WASHINGTON, D.C. -

The American Bankers Association. American Financial Services Association and the Consumer Bankers Association represented half of the industry groups that sent a letter on Sunday to the Securities and Exchange Commission (SEC) to delay implementation of the Current Expected Credit Loss (CECL) accounting standards.

To recap, the Financial Accounting Standards Board (FASB) is looking to ensure that financial institutions have solid measures in place to ensure they have appropriate reserves for any future losses based on the life of each auto loan. As a result, the board instituted its new Current Expected Credit Loss model (CECL).

The new model will require higher levels of loan loss reserves and lead to changes in lending practices and portfolio management. It will also require a significant amount of data capture, analysis and modeling to meet the implementation deadline.

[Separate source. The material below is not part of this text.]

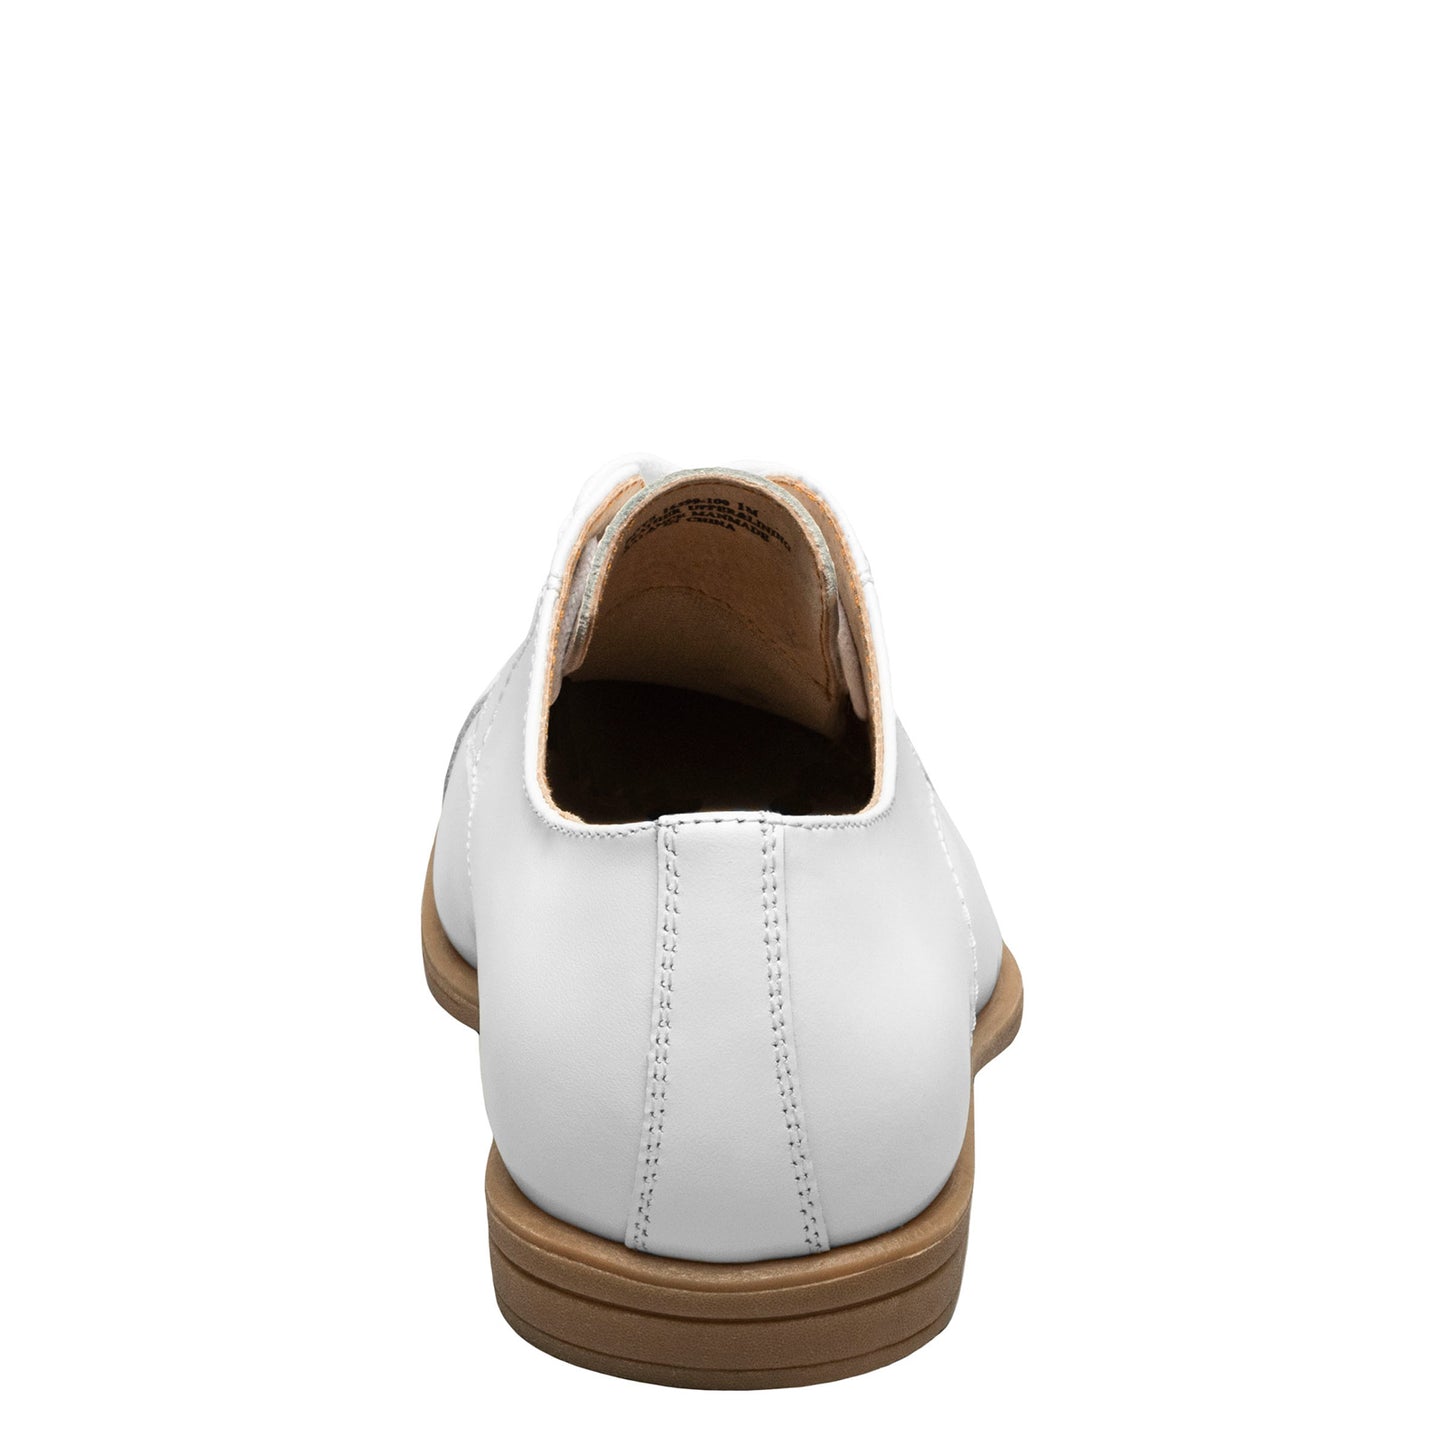 Peltz Shoes  Boy's Florsheim Reveal Cap Toe Oxford JR – Little Kid & Big Kid White 16599-100

In light of the coronavirus pandemic, a total of six industry associations urged SEC chairman Jay Clayton to use his ability that ensures the pause to CECL implementation should remain in effect at least through 2023.

“In this moment of great uncertainty, America’s banks stand ready to support our customers, small businesses and companies in the communities that we serve. To best address these challenges we face today, banks must devote their full attention to their core business functions and be able to lend and meet their customer and community needs. To that end, we write in support of both proposed congressional legislation and the FDIC’s letter to the Financial Accounting Standards Board (FASB) that call for delaying the current expected credit loss (“CECL”) accounting standard and allowing banks now subject to CECL to opt out of the standard,” the associations’ letter began.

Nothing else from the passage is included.